Every time I supervise a group puzzling over supply chain issues, my advice stays the same: establish a relationship with suppliers to lock in stable batches and forecast needs ahead of schedule. On the cost front, scaling up custom synthesis in cooperation with industrial partners continues lowering the per-kilo price, chipping away at the cost gap between specialized and “off-the-shelf” pyridines.
As green chemistry gains favor, process tweaks using flow reactors and solvent-modified protocols could open further doors. Avoiding chlorinated solvents, using milder conditions, or harnessing recyclable palladium catalysts during cross-coupling can reduce both environmental impact and fees from waste disposal. Students and professionals alike are hungry for protocols that scale smoothly yet align with corporate sustainability targets.

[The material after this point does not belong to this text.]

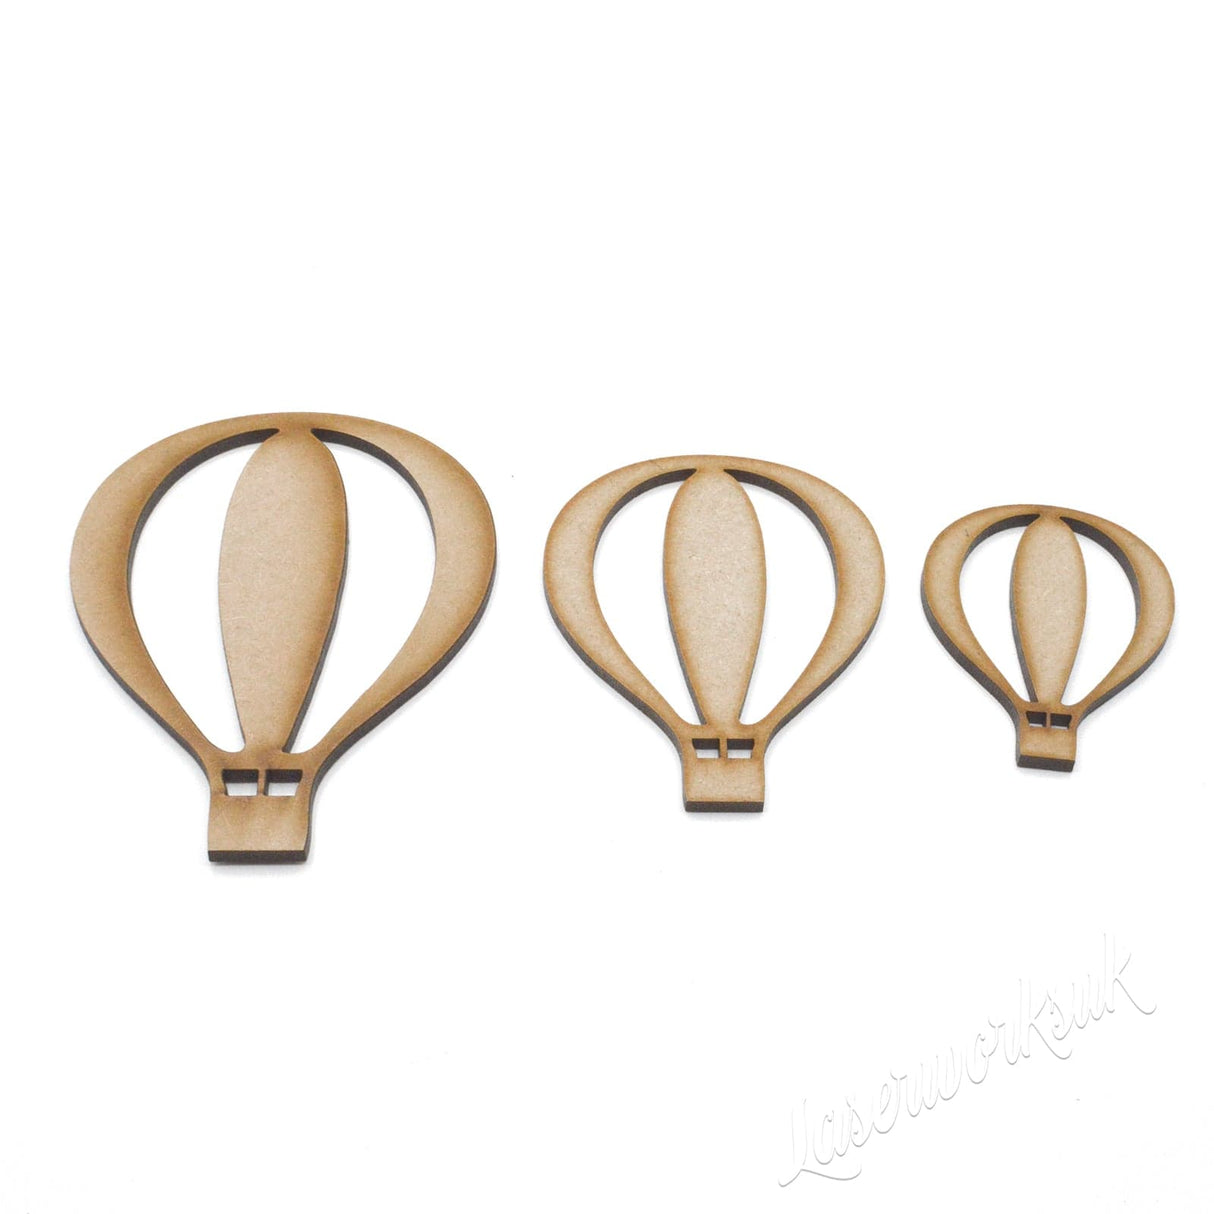 Hot Air Balloon - Wooden Craft Shapes - Laserworksuk

Another solution comes from digital chemistry: machine learning guides route selection in both med-chem and process chemistry settings. By mapping which substrates fare best under diverse catalytic setups, teams can pick pathways that not only work, but deliver high selectivity consistently. The unique sterics and electronics of this pyridine mean it often pops up in search algorithms tuned for high-throughput, low-failure synthetic design.
Experience always outpaces bullet points. 5-Bromo-2-(2,2,2-trifluoro-ethoxy)-pyridine has earned its place as more than another specialty intermediate. Packing both a reactive bromo group and the subtle power of a trifluorinated ether, it enables chemists to push boundaries in drug development, crop protection, and functional material design. Seasoned practitioners appreciate any compound that shortens timelines, boosts reproducibility, and keeps safety protocols manageable, and that’s where this derivative shines.
New application areas remain. As research teams place bigger bets on complex small molecules, expect this compound to crop up in more advanced synthesis strategies. Flexibility is the trait that separates successful new entries from fleeting one-offs. Having watched colleagues and students try out hundreds of reagents, familiarity with a forgiving, multifunctional intermediate like this one encourages risk-taking in route planning and innovative leaps in product design.
To sum it up, the real value shows itself not through broad descriptors but through everyday use, improved results, safer labs, and streamlined projects. The modern chemical industry moves too fast for intermediates that don’t deliver at every step, and it’s clear from near and far that 5-Bromo-2-(2,2,2-trifluoro-ethoxy)-pyridine continues to prove itself in practical, ground-level chemistry.